Busy Chicago multi-reed man Ken Vandermark suggests in his liner notes of Oval, the third release by the Sten Sandell Trio, that the Swedish pianist and composer may represent the future of the piano in contemporary and improvised music. Like other pianists of his generation, Sandell is influenced by the innovations of Cecil Taylor but brings many more ingredients to his music, such as the theories of John Cage and Morton Feldman, classical musical elements from India and Japan, folk music from Sweden, electronics, voice, and an idiosyncratic approach to the piano that often uses extended percussive timbral capabilities. Sandell often works with free improvising ensembles, most notably with the Swedish trio Gush, (reed player Mats Gustafsson and drummer Raymond Strid) whom he has recorded and performed with since 1988, as well as other notable European improvisers such as Evan Parker and Barry Guy.
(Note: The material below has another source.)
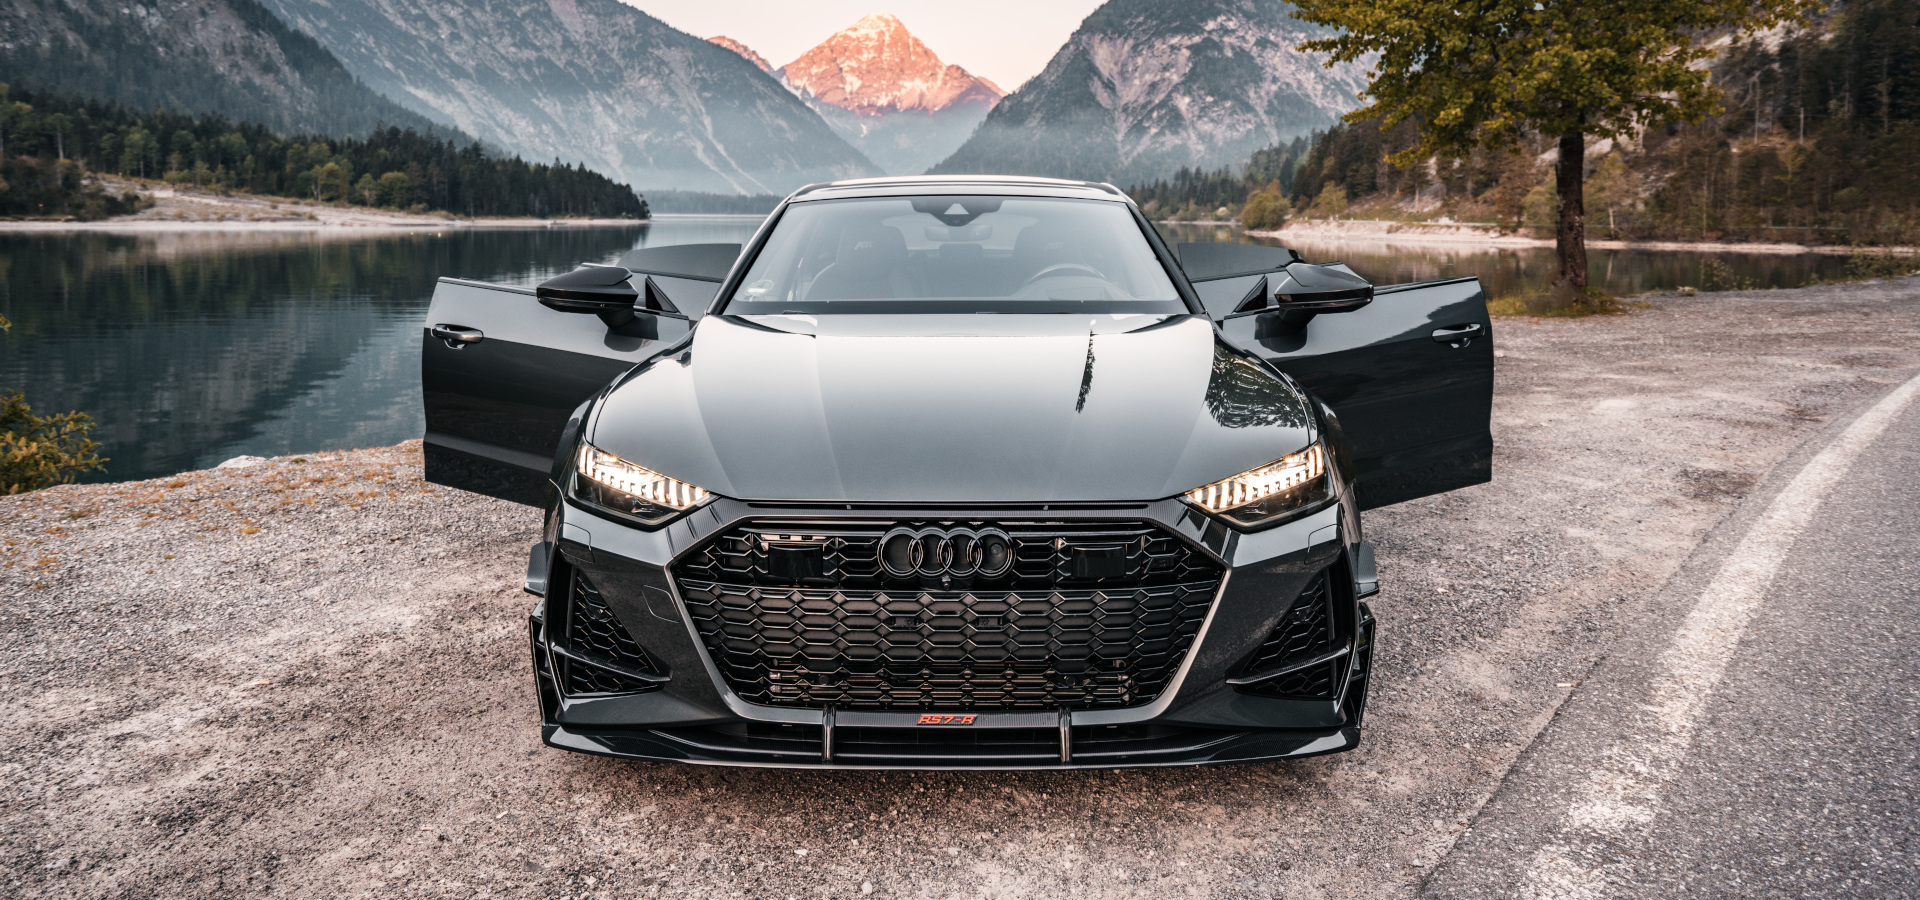 Abt Rs7 R Abt Sportsline

Oval was recorded beautifully at the Taktlos Festival in Switzerland in June, 2005, and featured Sandell with fellow Swedish bassist Johan Berthling and Norwegian drummer Paal Nilssen-Love. All three musicians demonstrate the same exemplary high level of communication and creativity that characterized their earlier releases, Standing Wave (Sofa, 2000) and Flat Iron (Sofa, 2002). Throughout this live set they supply a convincing answer to Vandermark ’ s musing as to why one would choose to play non-commercial music in an inconsiderate climate. The trio explores so many fascinating sonic possibilities within this format that Vandermark ’ s question becomes redundant.
The velocity and density of Sandell’s playing at the beginning of the first piece, “Ovala Takter I”, is an obvious continuation of Taylor’s legacy, but Sandell navigates this trio into newer territories, using varied and complex methods such as sustain, concentrated attacks, or adding light vocals. He manages to turn aural textures into deep meditations about the possibilities of the piano, more in common with the ethereal and almost transparent playing of the British free improvisation group AMM ’ s John Tilbury, showing the imaginative interplay between members of the trio. The trio keeps a contemplative dynamic at the beginning of “Ovala Takter II,” trying to find common threads in its timbral explorations, and reconstructing its fragile interplay. At times, Sandell’s percussive piano triggers Nilssen- Love ’ s wise use of the cymbals, creating a resonate sound between the two instruments. Berthling ’ s low-end rumination on the bass opens “Ovala Takter III,” while Nilssen-Love and Sandell color his sound with abstract and slowly forming textures that linger in memory. The short and concluding piece, “Oval Ballad,” suggests a gentler example “I believe that this trio’s playing gives us one more reason to live on this planet with optimism for the future”, concludes Vandermark; and indeed Oval is a remarkable recording.